### Exercise brief
Write out each line of the material exactly as given, and drop the images.

-------- Exercise data --------

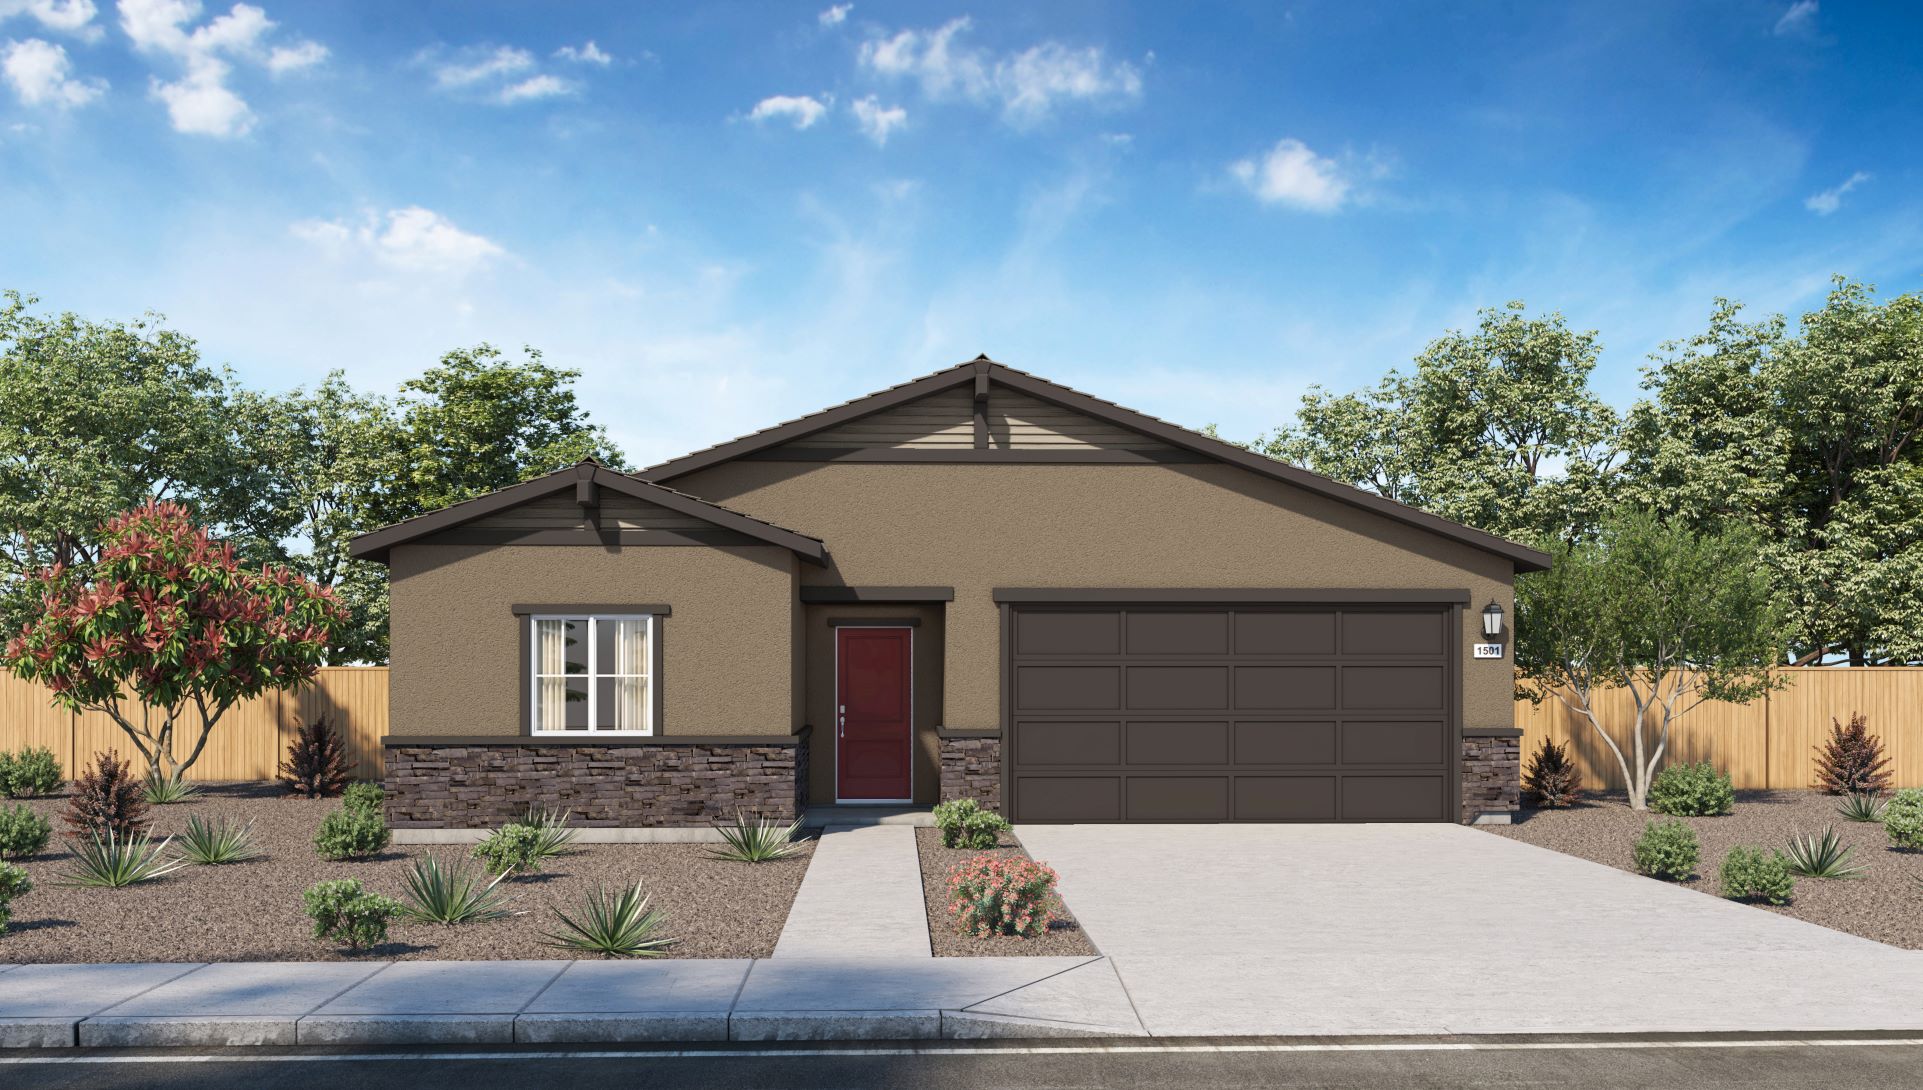 New Homes in The Terrace | Reno, NV | D.R. Horton
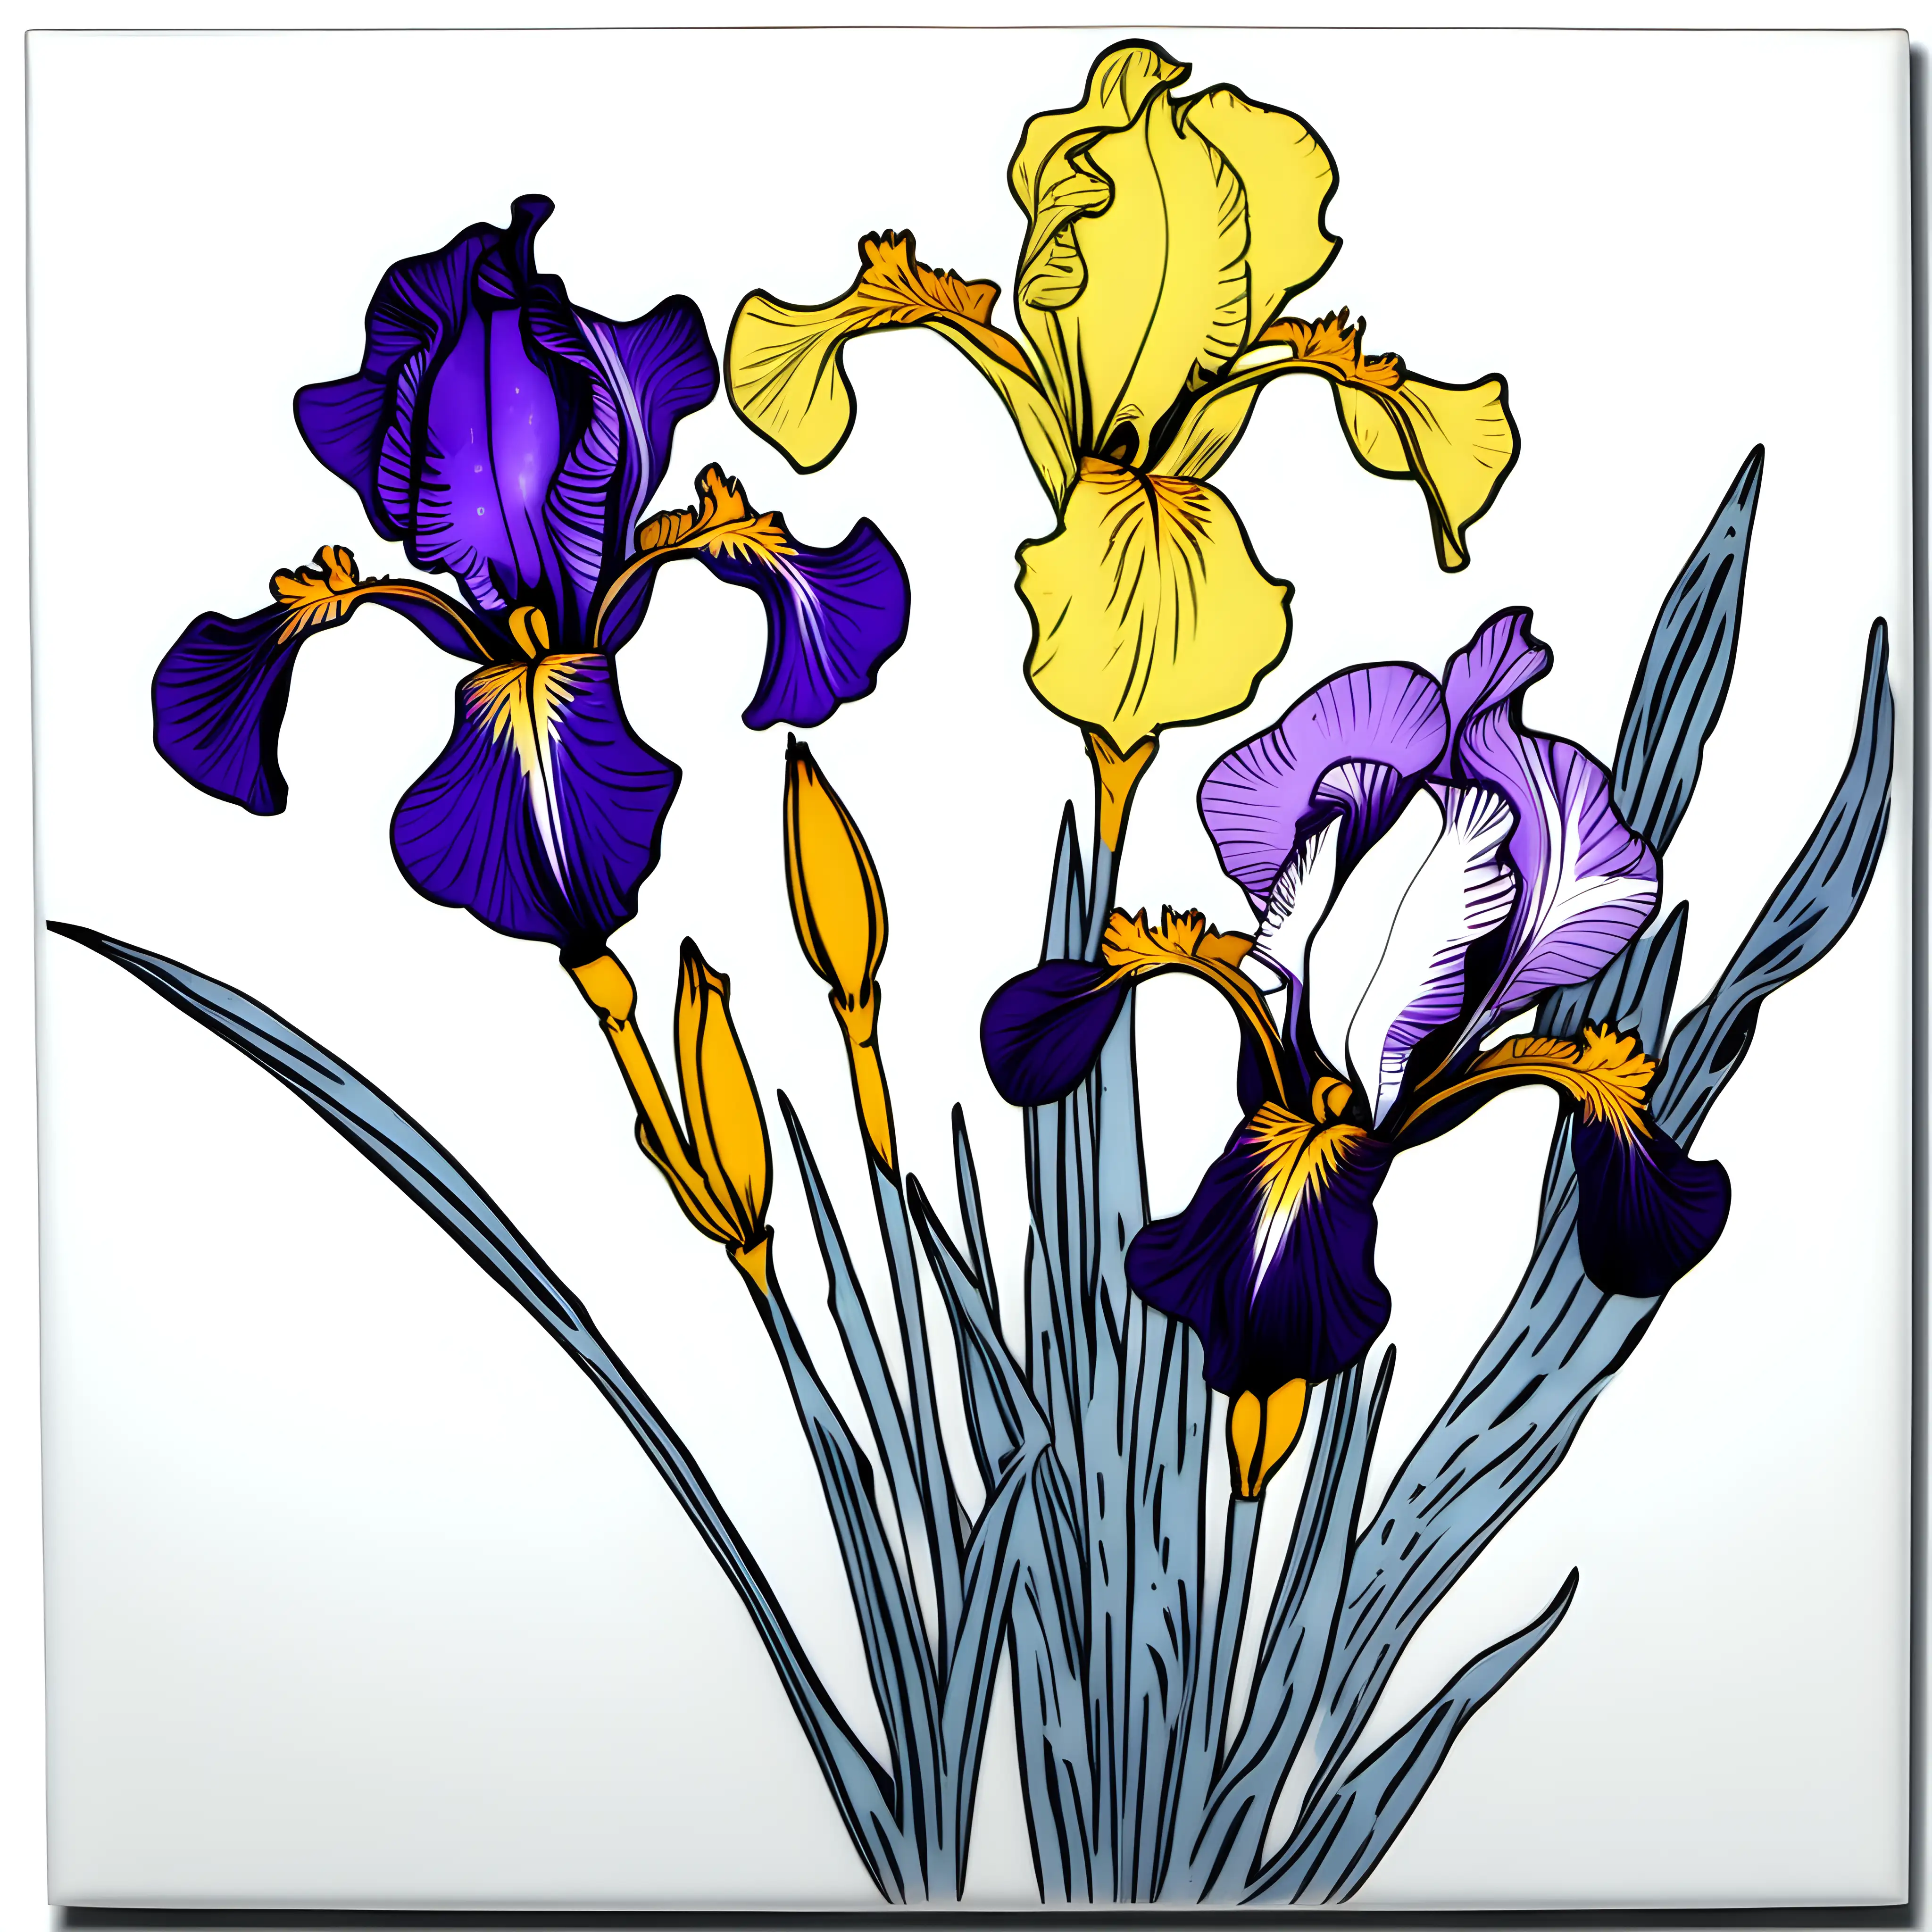 Pastel Japanese Iris Watercolor Art with Andy Warhol Inspired Elements
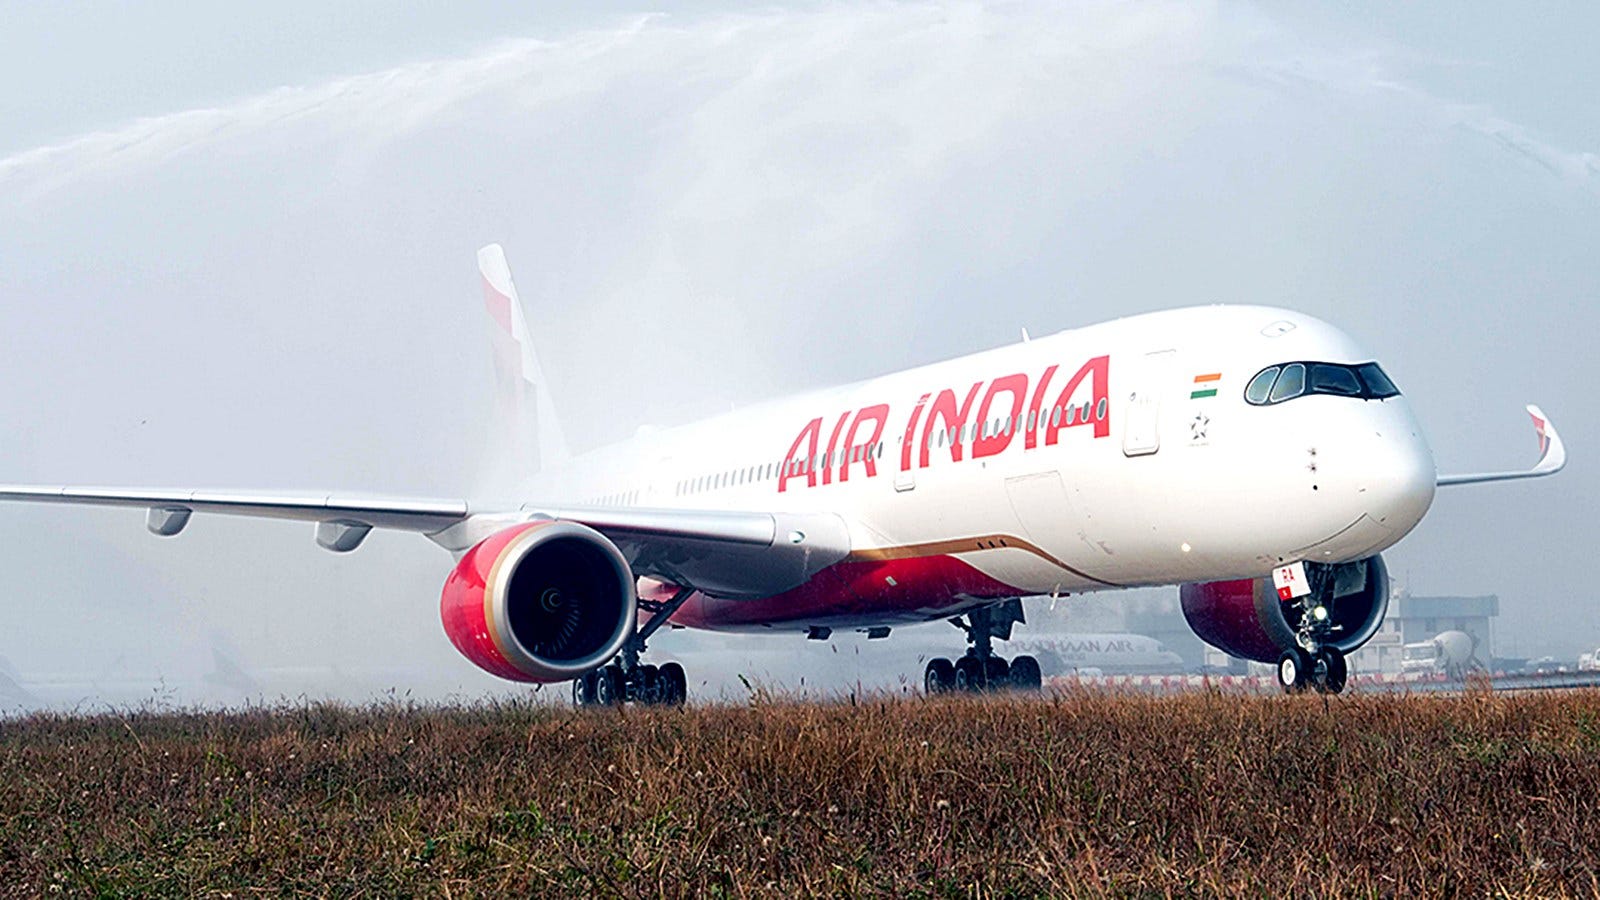 Air India Soared into the Future with Tech Upgrade Powered by Gen AI

--------

### Finished exercise
 New Homes in The Terrace | Reno, NV | D.R. Horton
 Pastel Japanese Iris Watercolor Art with Andy Warhol Inspired Elements
 Air India Soared into the Future with Tech Upgrade Powered by Gen AI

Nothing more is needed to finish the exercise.